Снова шорох, странный и незнакомый. Как так? А вот… Каждый шорох матери-кормилицы бродяги запоминают и узнают. Костоглод трется проволочно-шерстяным боком, если нападет почесуха. Неопытный шуршун, подбираясь, выдает шорохом только-только твердеющих чешуек. Красные, волоча разнокалиберные ноги, шуршат огромными раздувшимися ступнями. И так далее. А здесь? А здесь шорох не похож ни на что другое. И это откровенно гадостно.
Урфин шел к стене как надо. В другую сторону. И плевать хотел на мысли, возникшие у двух оставшихся охотничков. Ну да, проводник идет не спасать их дружков. Смысл, коли те точно мертвы? Он просто пытается спасти и их самих, и своих некровных братьев, наткнувшихся на что-то непонятное. Ведь непонятное здесь гибельно и опасно.
Вот Урфин и закладывал петлю к соседнему кирпичному огрызку, думая забраться на него и глянуть, чего там да как. И другого способа пока не виделось. Повезет, так сможет оценить уровень опасности. Не повезет… дерьмо случается. Право на ошибку, одну, есть у сапера, электрика и сталкера. Только вот саперы потом летят, электрики, превращаясь в омлет, танцуют джигу, а сталкеры… а сталкеры помирают больно, мерзко и страшно. Так что свое этакое право Урфин использовать не торопился. Ну его к лешему, еще хочется многое сделать.
Шорох этот еще… Стоп! Урфин замер, не дойдя до необходимого кирпича шага три. Да он же знает такой странный звук. Только странный же именно здесь. Угу, да-да. А вот там, за Периметром, за сколько-то километров, совершенно нет. Пакеты. Обычные, мать их, полиэтиленовые пакеты из супермаркетов. Такие, ну, типа сине-желтых из «Ленты» или бело-красно-зеленых ашановских. Вот так же, зацепившись за острое и болтаясь на ветру, они и шуршат. Черт, да ну к…
Додумать мысль о собственной старости и «перебздел» не вышло. Кое-что все же заметил.

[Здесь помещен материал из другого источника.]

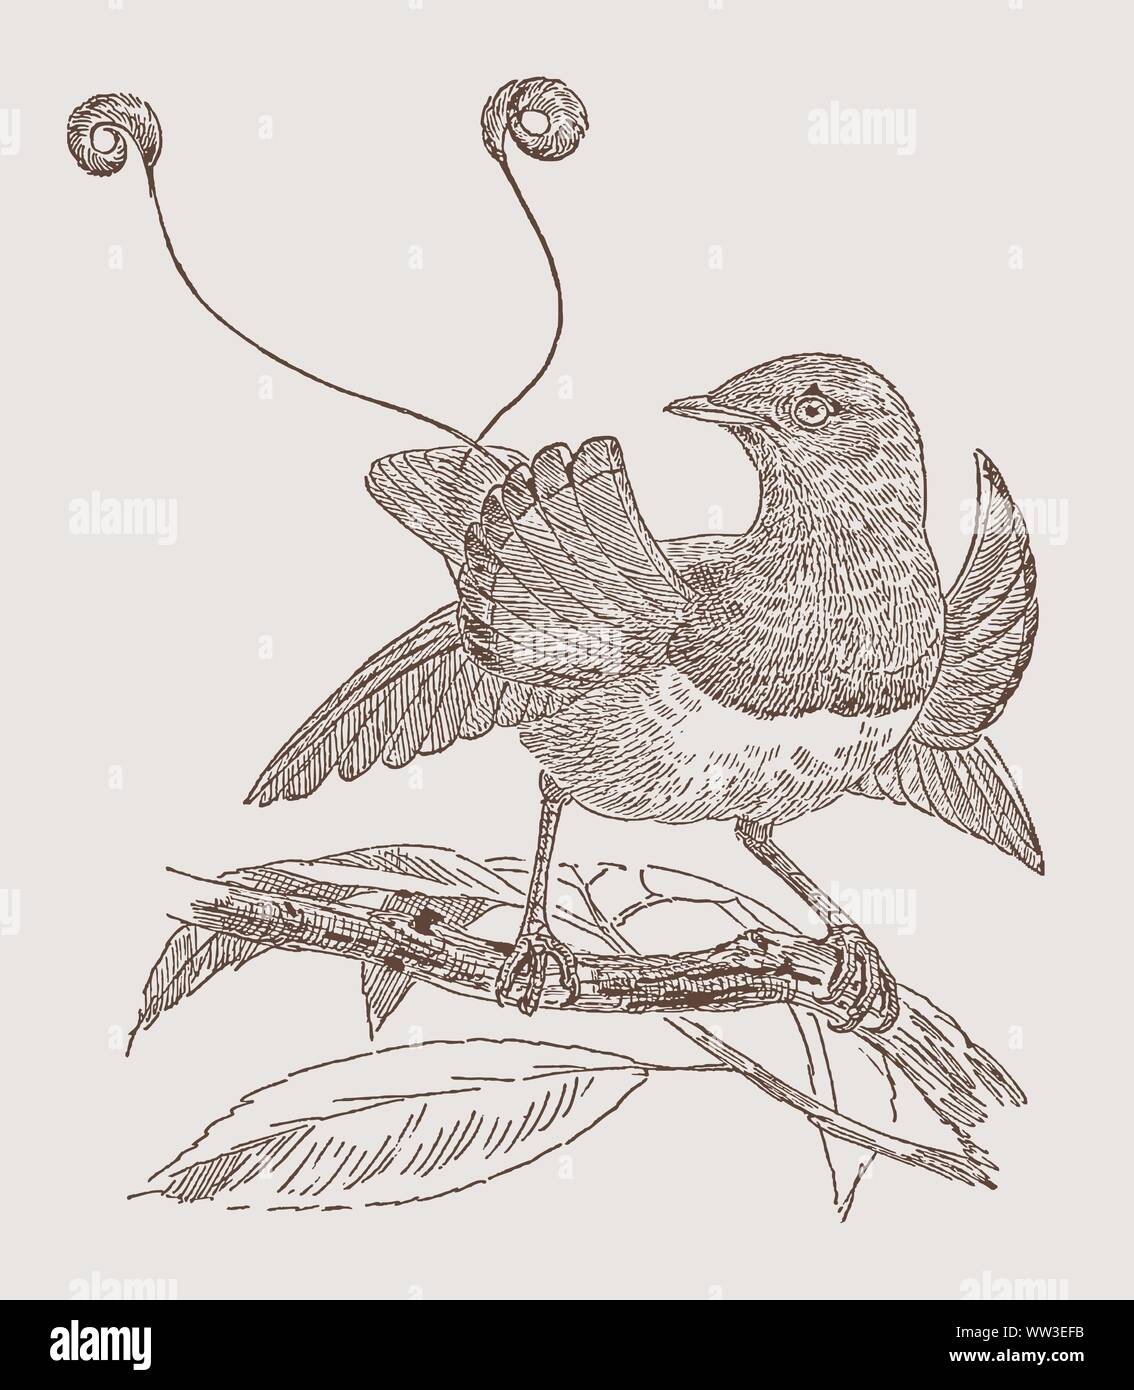 Red bird-of-paradise (paradisaea rubra, cendrawasih merah) sitting on a branch. Illustration after an engraving from the 19th century Stock Vector

На высушенной серой кляксе строительного раствора, навеки застывшего между рядами раскоканных кирпичиков, темнело бурое пятно. А прекративший адски выть ветер только добавил подсказку. Так, медью и чем-то сладко-соленым, могла пахнуть только кровь. Не ошибся, вперехлест твою в качель.
Урфин не делал никаких специальных жестов. Всем и так все ясно. Если старший группы напрягся и прижал приклад к плечу, то явно не для рисовки и красивого позирования. А для дела. Осталось взобраться на скалящуюся выщербинами мертвую стену и понять хотя бы что-то. Или увидеть и начать стрелять. Оставлять за спиной неясную опасность не глупо. Смертельно и никак иначе.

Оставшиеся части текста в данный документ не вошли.